Agency releases guidelines to determine the interchangeability of biosimilars with their reference products.
The FDA has released its draft guidance regarding biosimilar interchangeability, recommending that sponsors conduct 1 or more switching studies to demonstrate safety and efficacy in patients alternating between the 2 products, according to the Regulatory Affairs Professional Society.
However, requirements will vary based on the nature of the proposed interchangeable product, and may include an evaluation of data and information generated to support a demonstration of a biological product’s biosimilarity, according to the FDA.
The guidance provides an overview of important scientific considerations when demonstrating interchangeability with a reference product, the FDA stated. This includes data and information needed to support a demonstration of interchangeability; considerations for the design and analysis of a switching study, or studies, to support a demonstration of interchangeability; recommendations regarding the use of a licensed reference product in a switching study/studies; and considerations for developing presentations, container closure systems, and delivery device constituent parts for proposed interchangeable products.
The following product-dependent factors that may impact the data required to support a demonstration of interchangeability are as follows:
According to the FDA, postmarketing data from drugs first licensed and marketed as a biosimilar without corresponding data derived from a switching study/studies, generally would be insufficient in supporting a demonstration of interchangeability. However, the agency does recognize certain circumstances where postmarketing data from a licensed biosimilar product may be a useful factor when considering the necessary data to support interchangeability.

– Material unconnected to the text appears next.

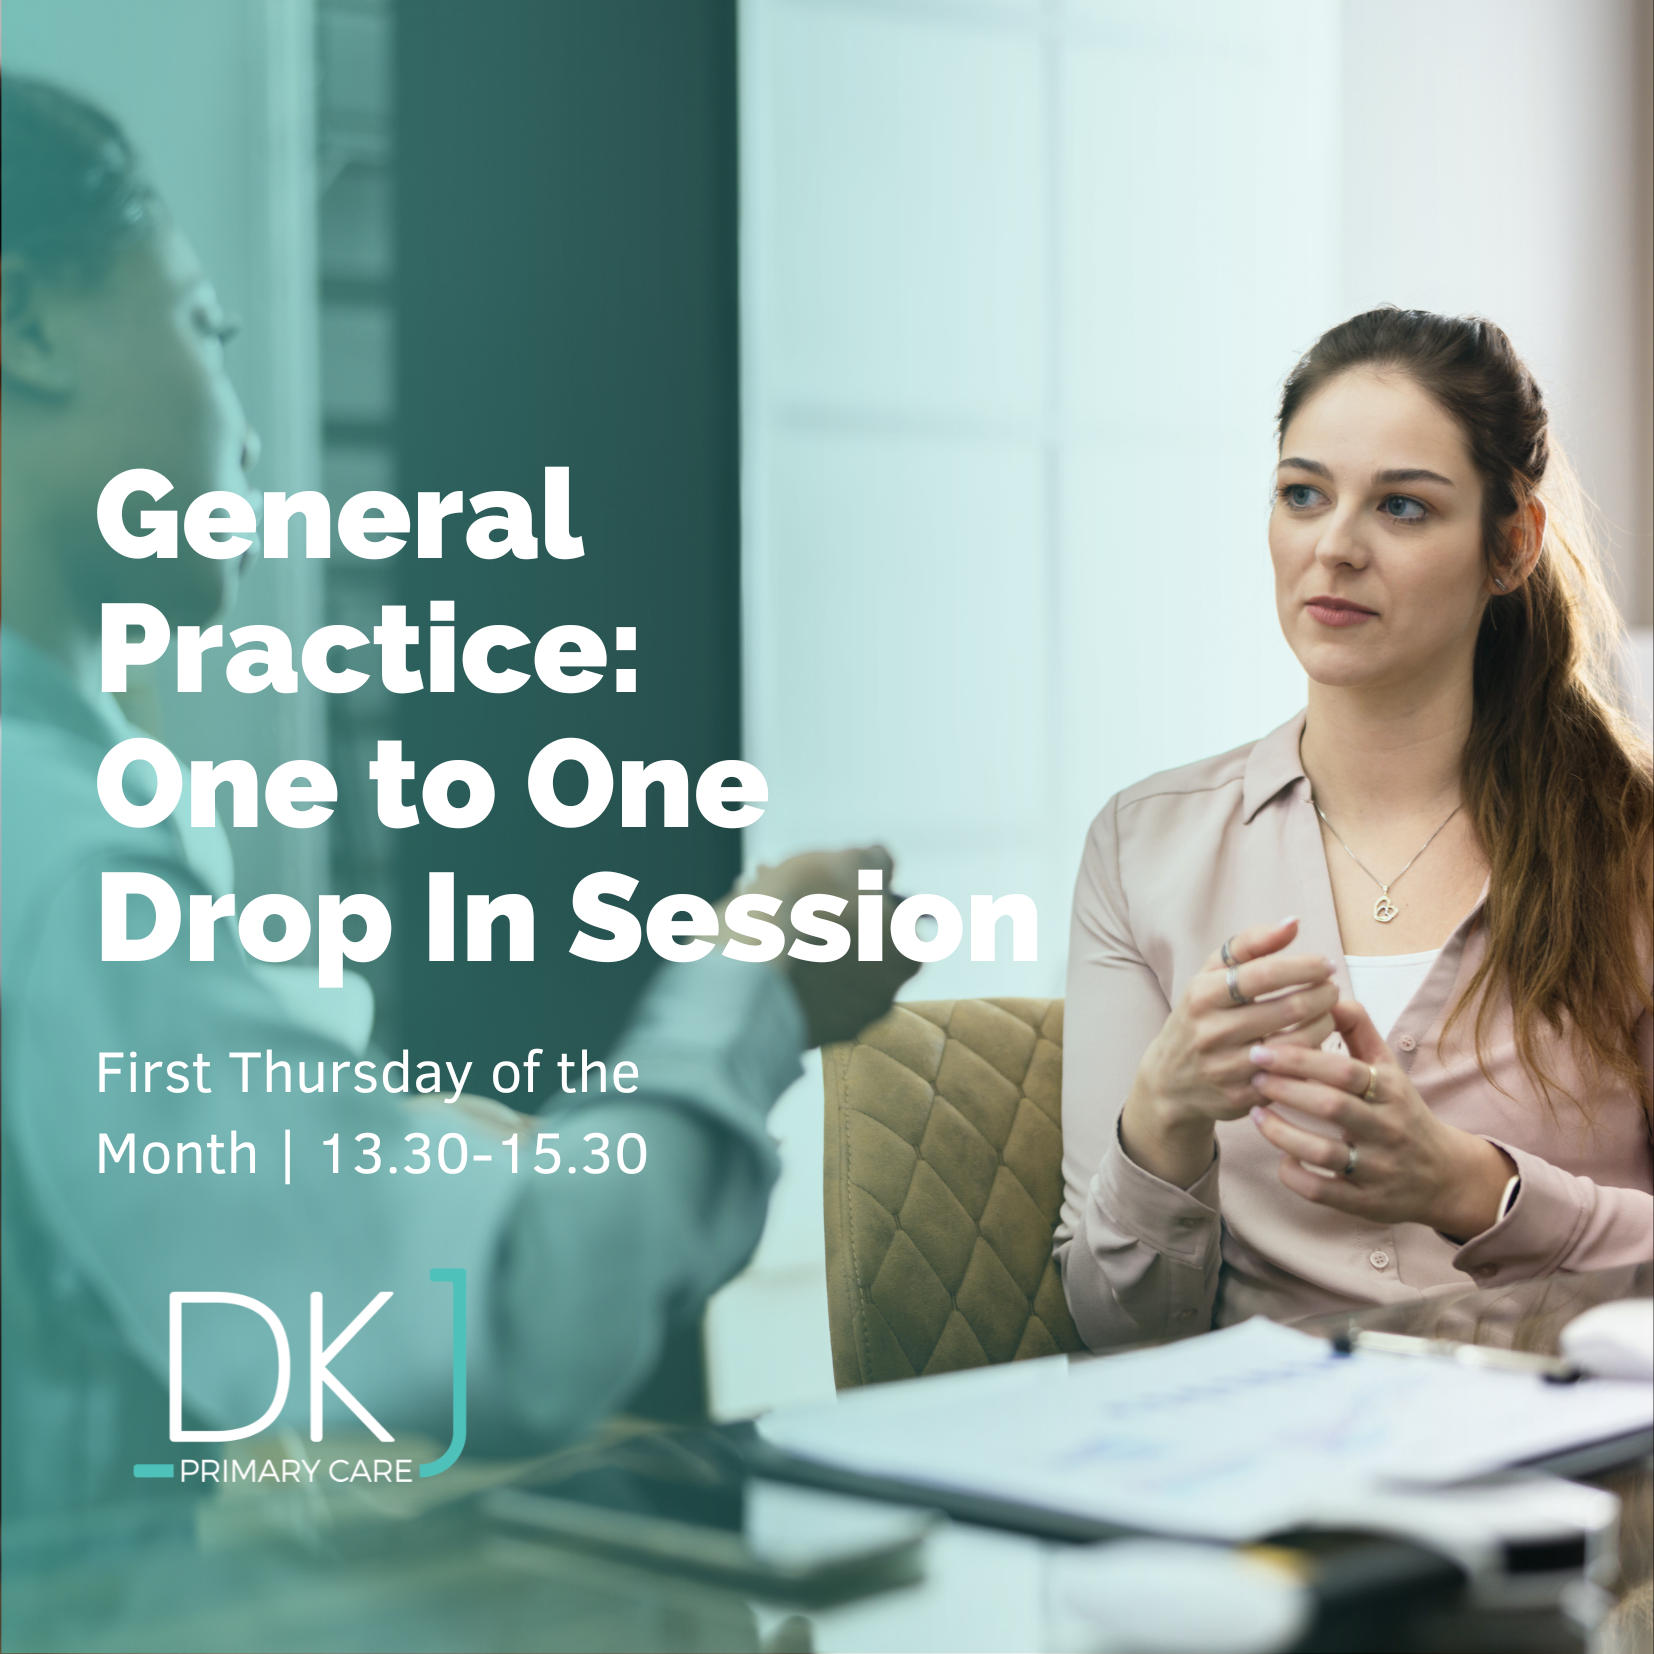 General Practice One to One Drop In

In the context of demonstrating biosimilarity to a reference product, the FDA recommends that sponsors seek the use of data from animal or clinical studies comparing a proposed product with a non US-licensed comparator product to address.
In a switching study, however, the comparator product is used in both the active switching arm and the control non-switch arm, rather than being used only as a control.
“Thus, using a non-US-licensed comparator product generally would not be appropriate,” the FDA wrote.
The FDA strongly recommends sponsors use a US-licensed product in a switching study or studies, because of the subtle differences in levels of specific structural features between biological products licensed in non-US licensed areas. The agency warns that they could have an effect on a patient’s immune response. These differences have created uncertainty as to whether the results in a switching study using non-US licensed reference products would also be observed for a US-licensed reference product, according to the FDA.
When a product is being developed for licensure as interchangeable, sponsors should carefully consider their presentation, including the delivery device and the entire container closure system.
“For example, if the reference product is only marketed in a vial and prefilled syringe, a sponsor should not seek licensure for the proposed interchangeable product for a different presentation, such as an auto-injector,” the FDA wrote.
Sponsors seeking to develop a different presentation should discuss it with the FDA early on, because any differences could affect the determination of interchangeability.
“Because a proposed interchangeable product may be substituted for the reference product without the intervention of the health care provider who prescribed the reference product, a proposed interchangeable product with a differently designed presentation that the reference product may raise uncertainty about whether the differences in presentations would impact the ability of end users, including patients or caregivers, to appropriately use the proposed product,” according to the FDA.
The FDA recommends that sponsors use the threshold analysis to analyze the presentations to identify differences in design compared with the presentations licensed for the reference product.
If no differences are identified after the analysis, it is likely that additional data supporting the appropriate use by the end user will not be necessary. If differences are found, the sponsor should focus their efforts on whether the differences involve an external critical design attribute that could negatively impact the appropriate use by patient and caregiver end-user groups, according to the FDA. Furthermore, sponsors should seek to establish and categorize the differences.
The agency noted that not all differences in the presentations will impact product use, and that the draft simply provides sponsors with recommendations for conducting a threshold analysis in order to assess any differences.